Monday, November 20, 2017

Classical Music Video

I'm not dead yet. In fact, quite the opposite. It was a rather productive summer, though not one when I wrote much. Instead I concentrated on recording. If you're familiar with my Studies and Inventions you'll know that they aren't studies in the traditional "if you do this you will learn to play better" sense, but rather more in the "I'm playing around sketching stuff with new techniques" sense that visual artists might use.

The first piece, Study No. 8: "Scherzo," plays with a heavy front loaded double dotted rhythm in the Russian style and some "black key/white key" games in something of the manner of early Stravinsky, which is to say the left hand and right hand aren't always in the same key precisely. Stravinsky sometimes called such pieces "scherzi" or jokes, so I've taken that title.

Next is Study No. 9: "French Moment." This one is a little more straightforward. It's mostly an experiment in modality, dancing between the Phrygian and Aeolian flavors of e. (Mostly settling on the former.)
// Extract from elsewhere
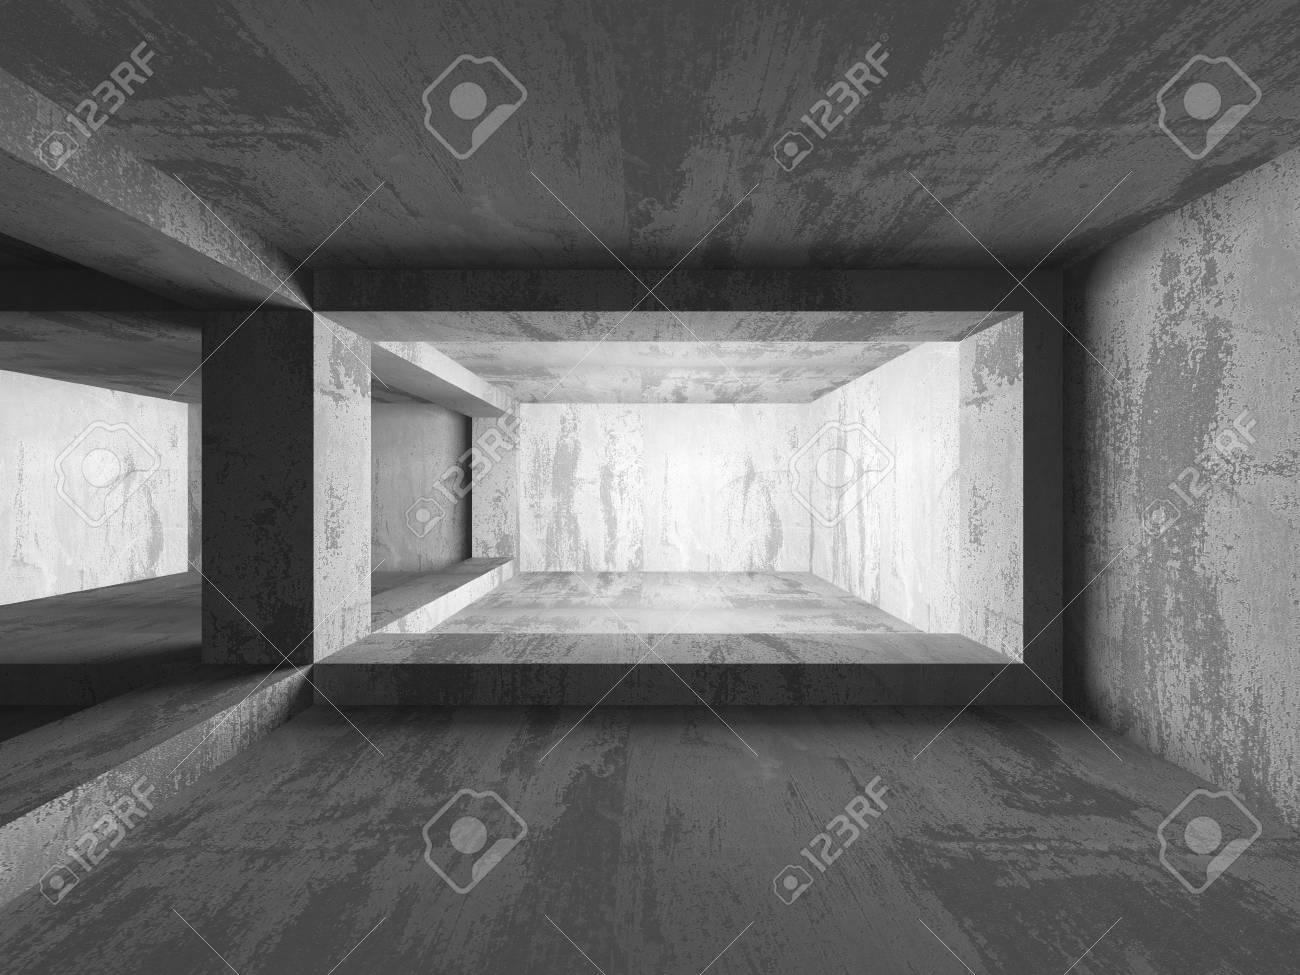 Fondo concreto arquitectura. Resumen cuarto oscuro vacío. 3d ilustración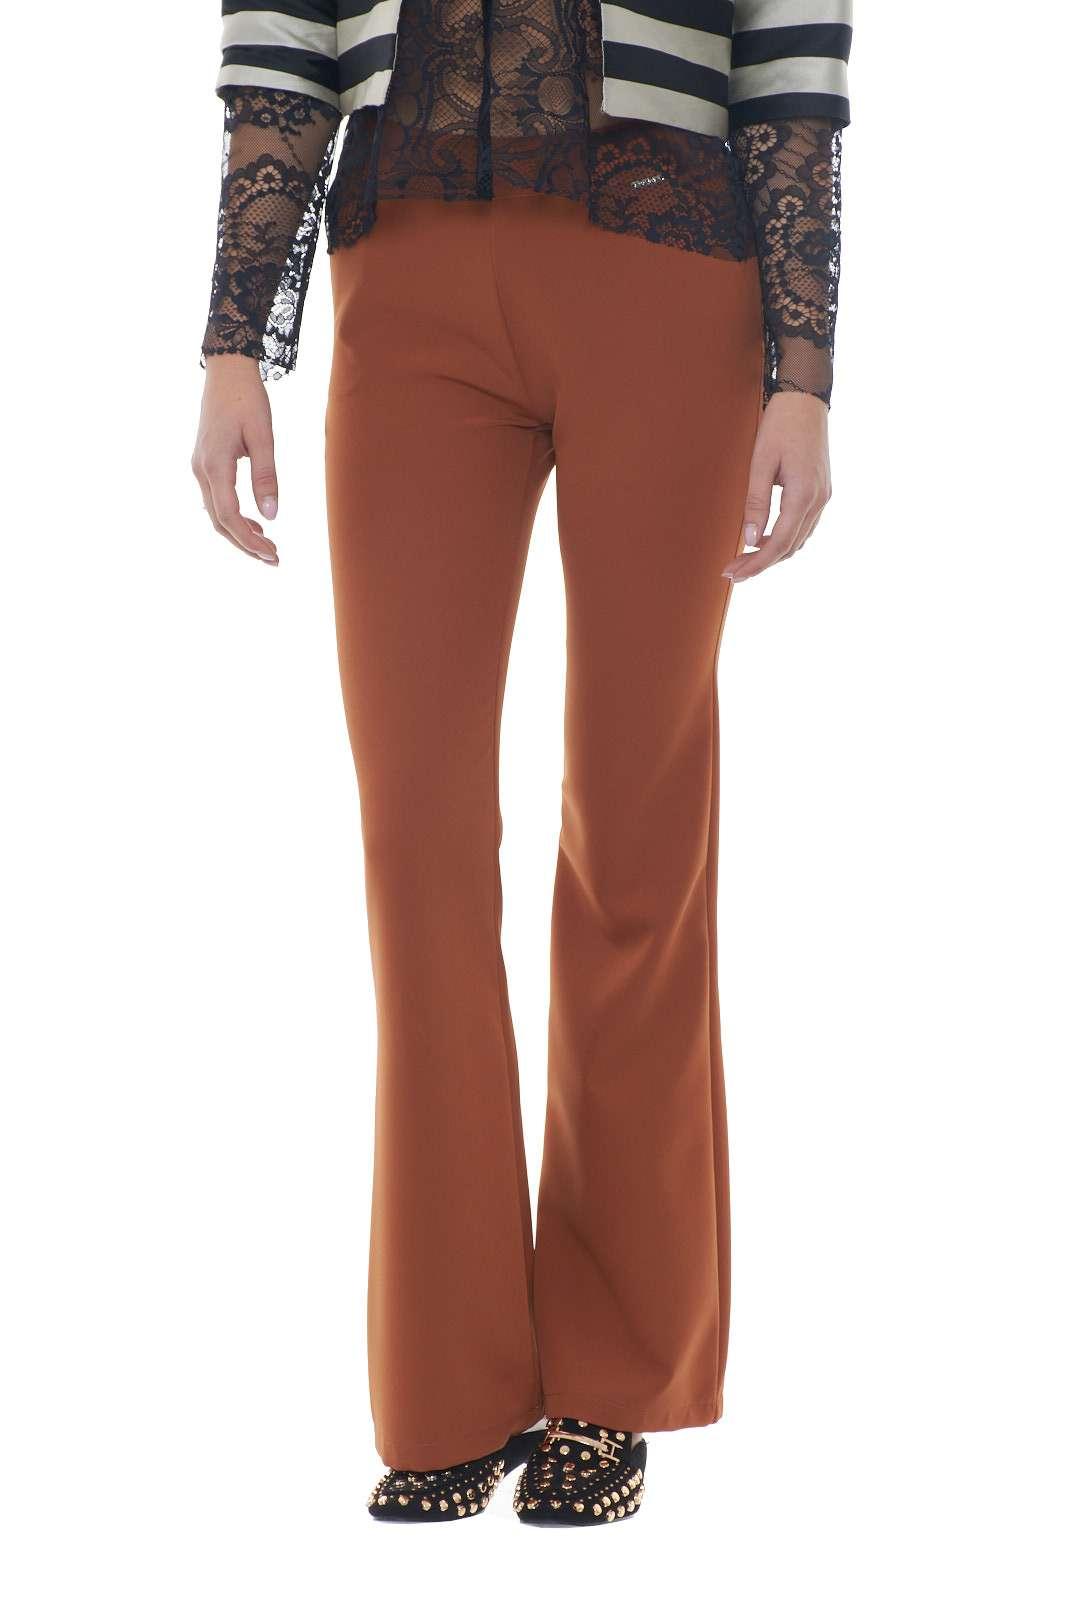 Un look vintage e retrò, che torna prepotentemente di moda, con questi pantaloni a zampa firmati Akè. Perfetti per la donna che ama uno stile formale, classico, che rivisiti gli anni passati, rivisitandoli in chiave moderna. La modella è alta 1.77m e indossa la taglia 40.

At this point I started to get a bit more daring with my video production. (Marginally.) For the next piece, Study 10: "Something Jazzy," I decided to use that distinctly American style of splashy signage which is roughly coaeval with the music I wished to evoke.

I should, perhaps, confess that I actually shot this next video before the one above. But it is a much more complex and ambitious experiment. It accompanies a piece called Study 13: "Slate Grey Skies," to which end I felt obliged to play with light in more complicated ways. It doesn't precisely tell a story, but I hope it evokes a strong mood. I have particular adjectives in mind, but I will leave it to you, dear listener, to name them.

Lastly I wrap up with a simple but playful piece called Study 14: "Syncopated Rhythm." It's quite short, so there aren't any fancy cinema tricks here. Just a pianist. In a hat.


I did also record a few pieces by other composers. Since I, of course, play other people. Several of them can be found on the youtube channel. Along with other sorts of endeavors entirely. But I will wrap up there for now. Thank you for following along.